Milk jugs and all the things we use daily have secret stories, Muazu knew. These are the stories of where the items came from before we got them and where they will go when we are done with them. She was learning these stories as part of her PhD program in chemical and environmental engineering at the University of Sheffield.
Take a plastic milk jug. To get it, drills must first pull crude oil from the Earth. Factories turn the oil into petroleum and then plastic. Other factories form the plastic into jugs. Trucks deliver those jugs to farms, where they get filled with milk.
Later, a truck will carry the full jugs to nearby stores and cafés, including one at Muazu’s school. After students like her stir all the milk into their tea or coffee, the café gets rid of the jugs. About half will get recycled. The rest head to landfills.

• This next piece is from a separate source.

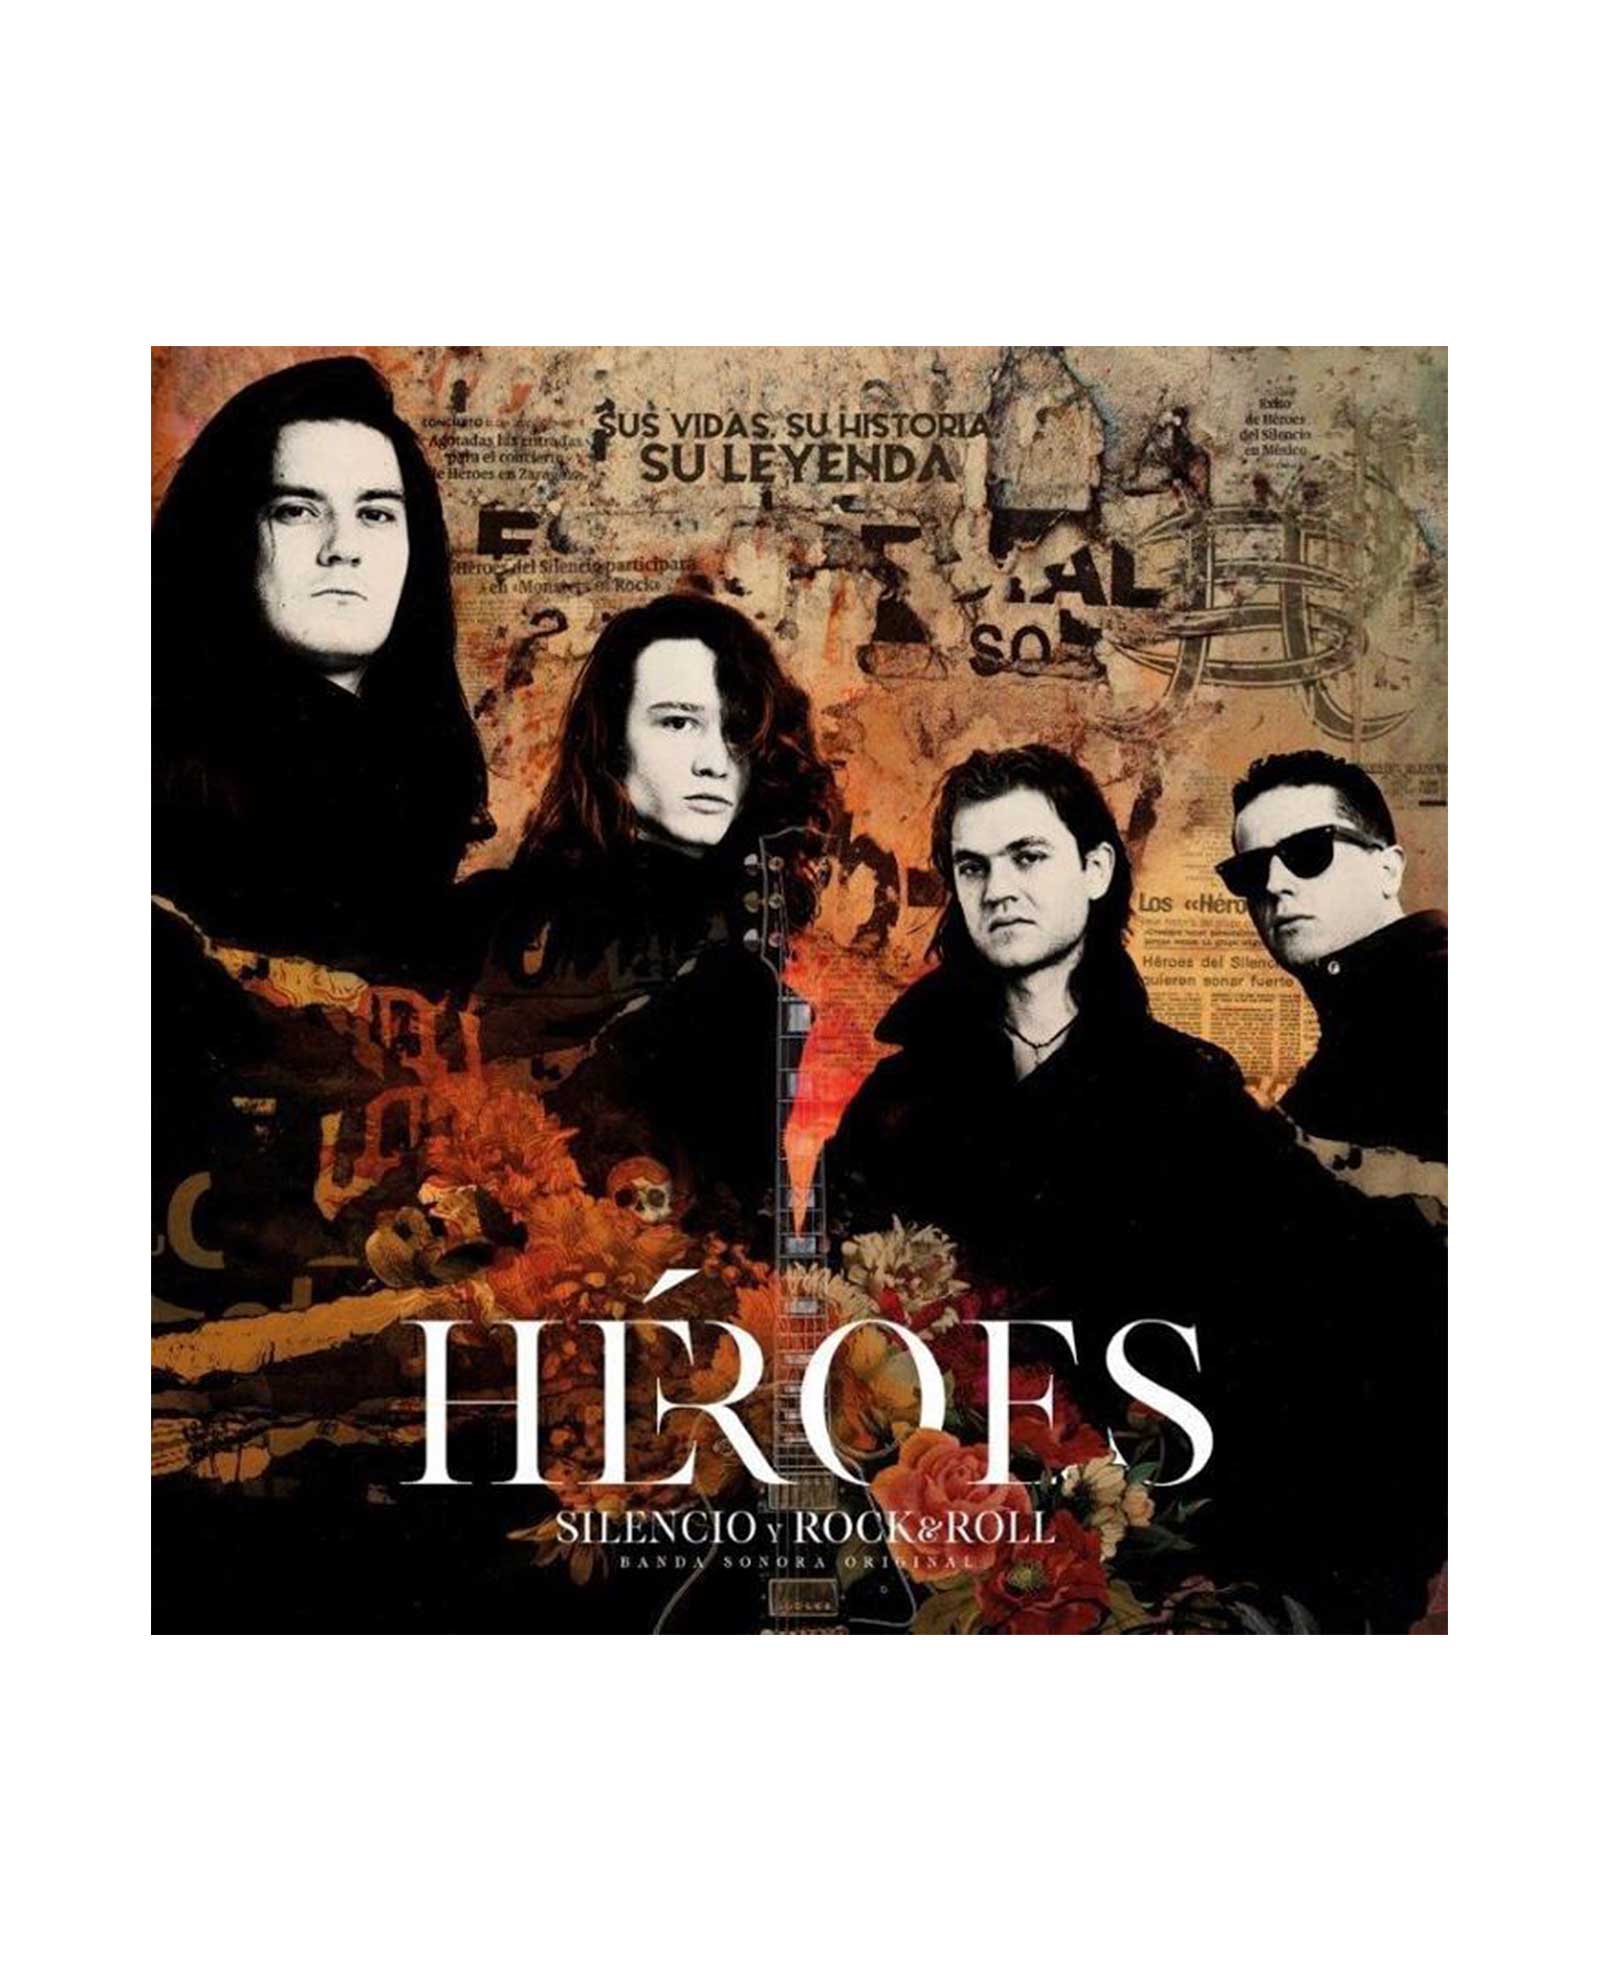 Héroes del Silencio - LP Vinilo +2CD Silencio y Rock & Roll

This process is quite typical today. Things get used up or break or we simply don’t want them anymore. So, we throw most of these into the trash. “There is so much waste,” says Muazu. Having completed her degree, she now works at the University of Surrey. It’s in Guildford, England.
Amelie Côté agrees. People “take, make, consume and throw away,” she says. She’s an analyst in Canada at Équiterre. It’s an organization in Montreal, Quebec, that seeks solutions to environmental problems. One of those problems is that too many people — especially those in the industrialized world — use and discard far more stuff than they should. This is called overconsumption.
Consuming too much stuff drains resources. It can harm ecosystems — even people, especially those in low-income countries. It also worsens climate change. According to the Global Footprint Network, last year people…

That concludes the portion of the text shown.